I have never fished a tournament but want to real bad just have to get the kitchen pass to do so! thats the hard part!

but i was wondering when you guys fish these tournaments is each team responsible for releasing their fish and if so do they take them to their spot or are they all released at the docks???? 

reason I ask is a few weeks back we were at little river on sinclair and seen 6-8 dead bass floating along the sea wall and 1 of them looked to be about 8-9 lbs and I noticed that the board that day showed big fish at 8.6 lbs. just didnt know and since i started back fishing and looking  at different tournaments that one question just got in my head!


----------



## j_seph (Jul 22, 2009)

Released at the dock or they are all carried to one location and released. The tournament officials are the ones who do the releasing. I fish mostly catfish and striper tournaments. Usually they take care in these tournaments to make sure that if a fish is not going to make it, it will become table fare for someone and not go to waste. The above mentioning of the dead fish looks bad for a tournament scene for sure.


----------



## brian lee (Jul 22, 2009)

anyone who catches a fish that is alive but not able to swim off on its own should revive the fish til it is ready to go by its self. the summer time is one of the worst times of the year to get big fish to stay alive in a livewell all day.the angler who didnt revive the fish correctly puts a bad name on all of us tournament fisherman. do all that you can to keep them alive, if they dont you know you have tried.take it home to someone who can use the food


----------



## DeepweR (Jul 22, 2009)

at the dock, alot of variation on the fish living. water temp, hook in the fish, how deep they were caught,etc. i can asure u all anglers try to keep the bass alive. alot of times fish caught deep will die from bring'n up too quick out of deep water. just my opinion!


----------



## j_seph (Jul 22, 2009)

Either way, tournament officials are usually the ones responsible for releasing the fish and most time were the last ones handling these fish and a lot of the blame IMO goes to them not taking the time with the fish or not inspecting them to some degree before and during release


----------



## DeepweR (Jul 22, 2009)

dead fish= .25 lbs off your weight per fish so it matters to a tournament angler!


----------



## Laugh44 (Jul 23, 2009)

.25# per fish...what tourneys are you fishing...all my tourneys are 1/2-1 lb. dead fish penalty. I need to get in on your tourneys Deep.


----------



## bigbass07 (Jul 23, 2009)

it is standard in the t-ment industry FLW, bass, berry's , c&r, 99% of the local trails and pot style t-ments that .250 dead fish . 1.00 per dead fish and 3.00 per short fish.


----------



## j_seph (Jul 23, 2009)

guess us catfisherman have it tougher than most. Dead fish for us don't even get weighed


----------



## DeepweR (Jul 23, 2009)

*berrys, jackson lake*



Laugh44 said:


> .25# per fish...what tourneys are you fishing...all my tourneys are 1/2-1 lb. dead fish penalty. I need to get in on your tourneys Deep.



tues./fri.   nights


----------



## rockwalker (Jul 23, 2009)

Thanks for clearing that up! I was not laying blame on anyone I know stuff happens and sometimes you can't save em all but I just wondered how that got handled. Seems like if all the fish were released at the dock that that might be pretty good fishing a day or so later! 

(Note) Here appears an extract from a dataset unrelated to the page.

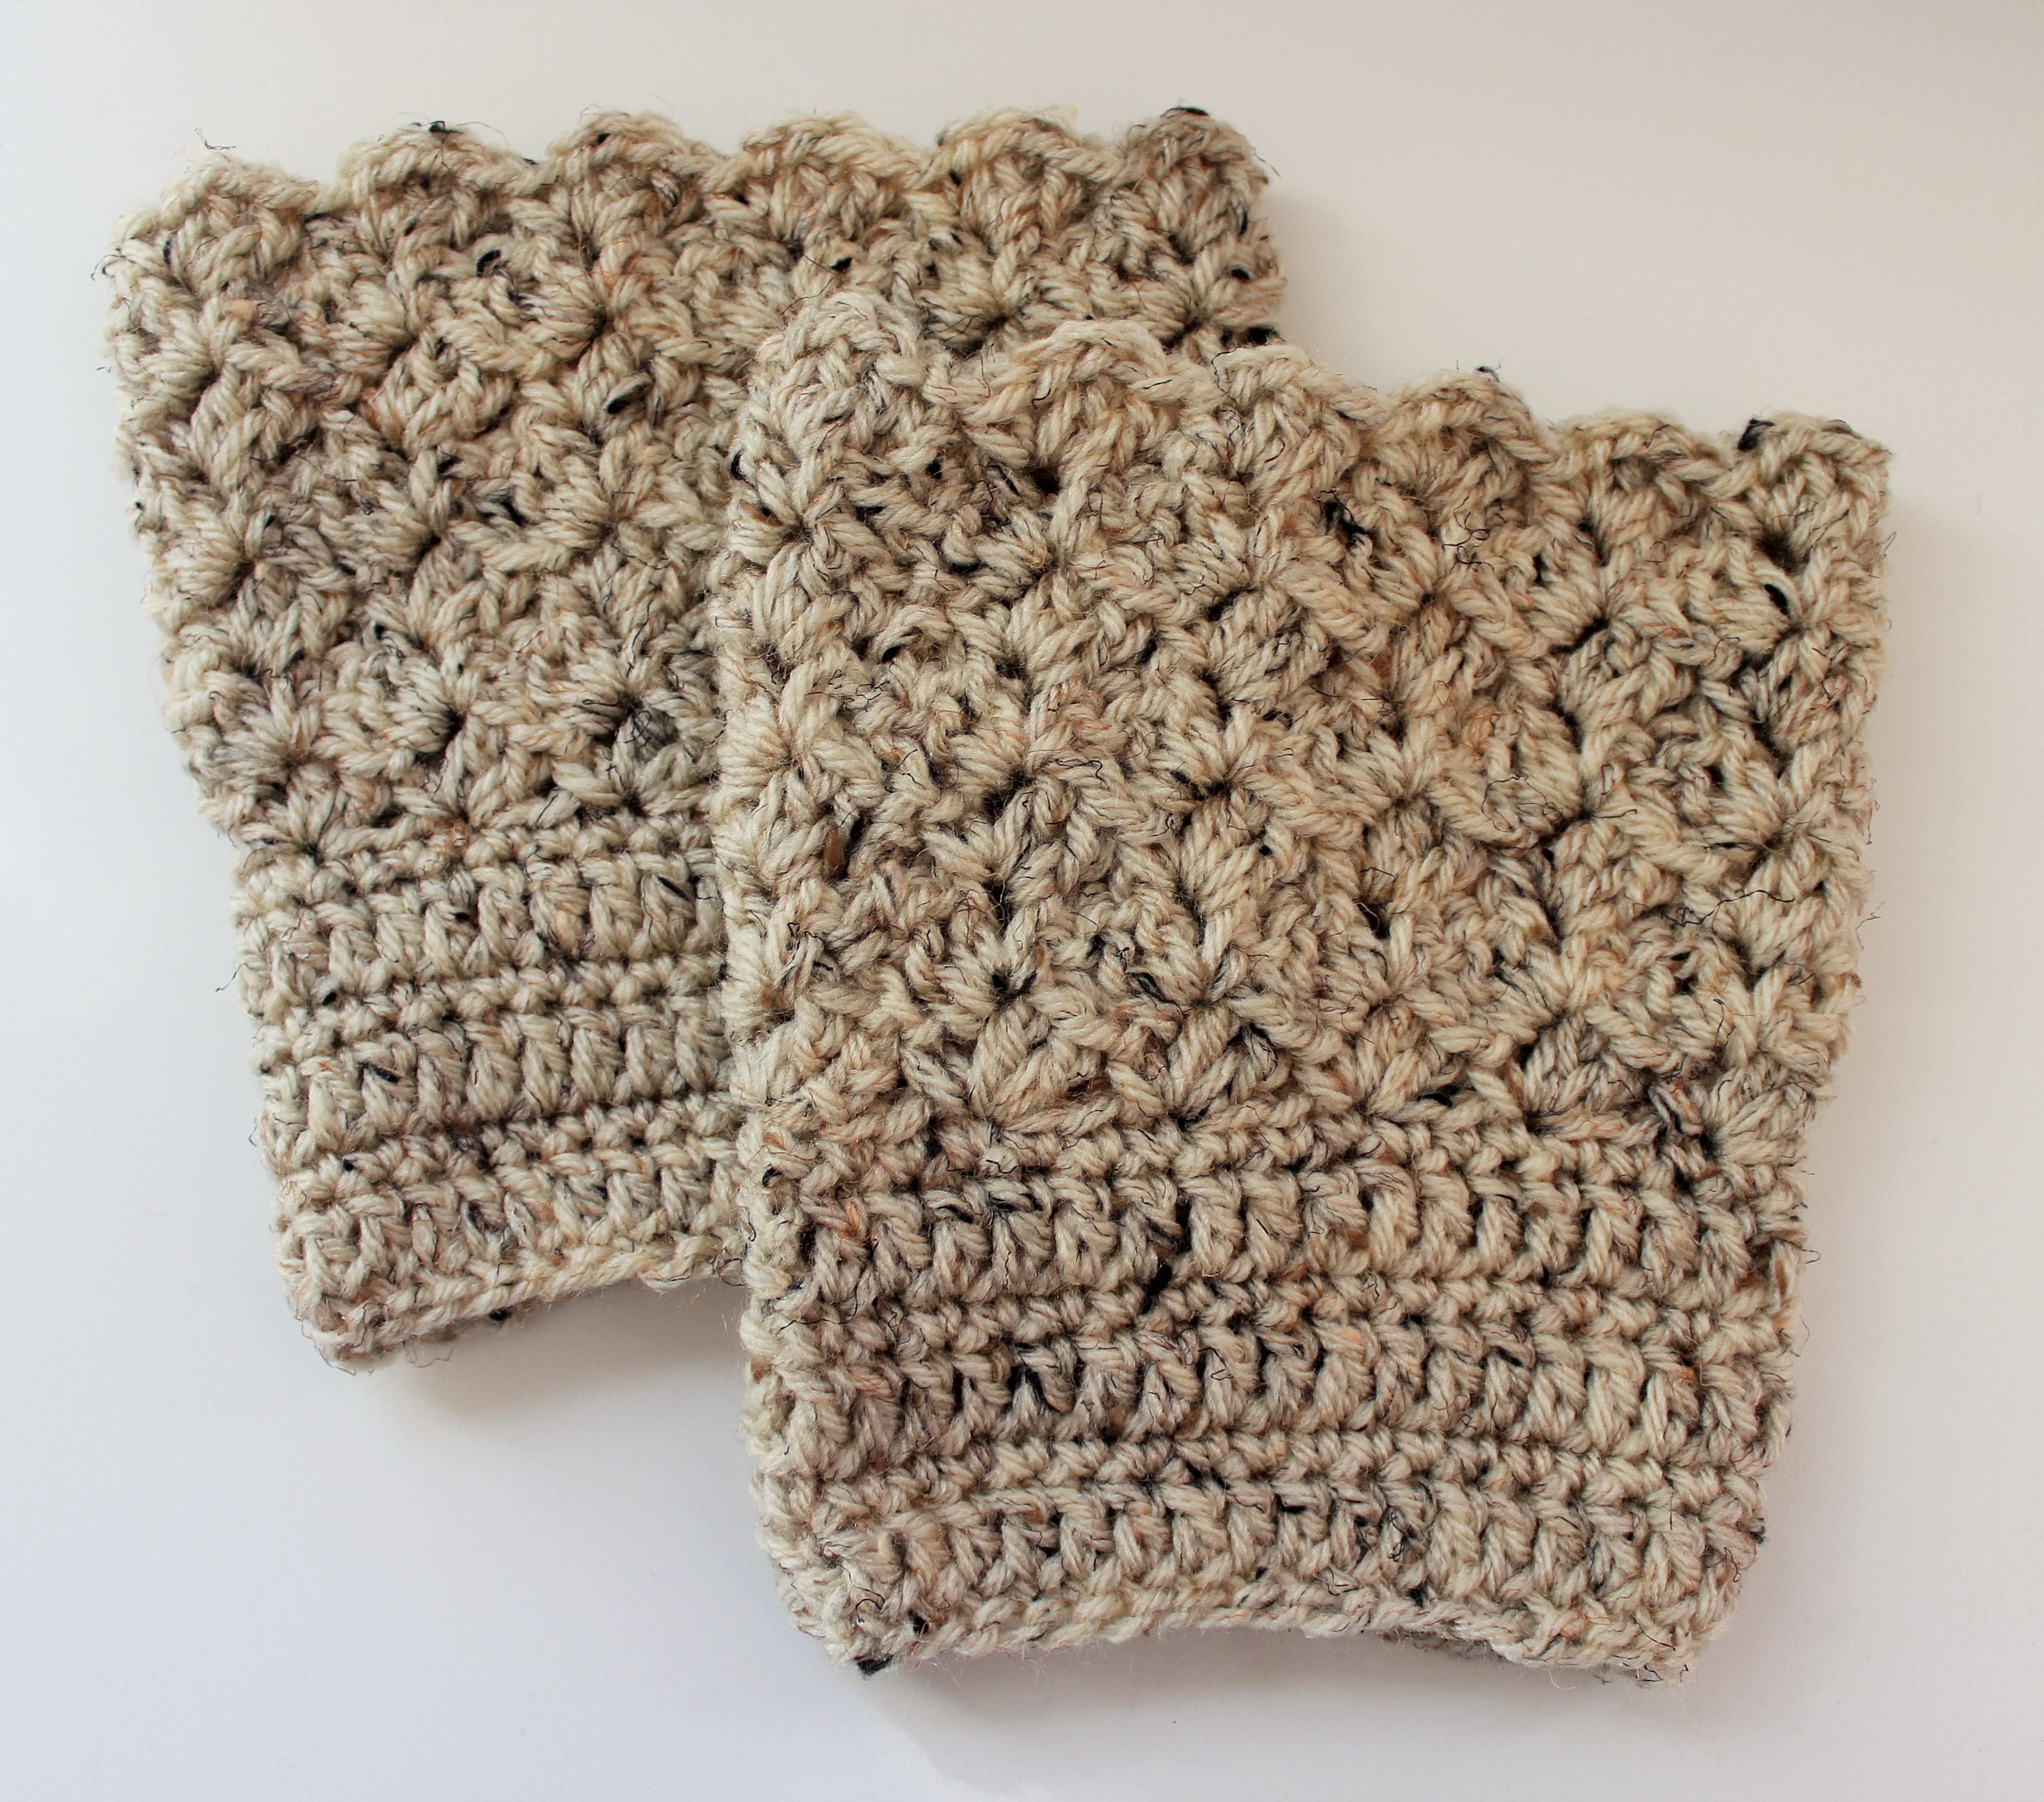 Crochet Ear Warmer Pattern For Toddlers : Crochet Pattern - Queens Lace Ear Warmer to fit Toddlers ...

Heard "stories" years ago about a fellow that won several of the tournaments out of Kersey's old place on Jackson  and never left the no wake zone


----------



## bigbass07 (Jul 23, 2009)

rockwalker said:


> Thanks for clearing that up! I was not laying blame on anyone I know stuff happens and sometimes you can't save em all but I just wondered how that got handled. Seems like if all the fish were released at the dock that that might be pretty good fishing a day or so later!
> 
> Heard "stories" years ago about a fellow that won several of the tournaments out of Kersey's old place on Jackson  and never left the no wake zone



yea around the release points are always great.


----------



## slingshot86 (Jul 27, 2009)

some tx trails wont allow you to fish without an aerated livewell. i like to freeze 2 liter soda bottles and drop them in later in the day. use em for drinkin water too. we go to great lenghts not to kill a fish. hook up with hawghunna and his group . Terry is from griffin as well. fine gentlemen, everyone of them. thats why i stick with the jon boat stuff. much easier to get that kitchen pass too. alot of those guys fish with their wives ! and win! tell them  your new and they will bend over backwards to get you started in tx fishin.


----------



## gahunter12 (Jul 28, 2009)

I think all tournament fisherman try there best to keep fish alive. Some times things happen. I use frozen coke bottles and please release me. I also leave my pumps running all day non stop in hot water. Also once you fill your live wells up flip your wells over to recirculate instead of empty. If you recirculate fresh water from the lake the water will stay hotter. I will usually fill my wells up in the morning when the water temp is a couple deg cooler and switch over to recirculate to keep my water as cool as possible. This has worked for me and I have been lucky to not have a fish die on me in over 5 years in my boat.


----------



## CRBass (Jul 28, 2009)

gahunter12 said:


> I think all tournament fisherman try there best to keep fish alive. Some times things happen. I use frozen coke bottles and please release me. I also leave my pumps running all day non stop in hot water. Also once you fill your live wells up flip your wells over to recirculate instead of empty. If you recirculate fresh water from the lake the water will stay hotter. I will usually fill my wells up in the morning when the water temp is a couple deg cooler and switch over to recirculate to keep my water as cool as possible. This has worked for me and I have been lucky to not have a fish die on me in over 5 years in my boat.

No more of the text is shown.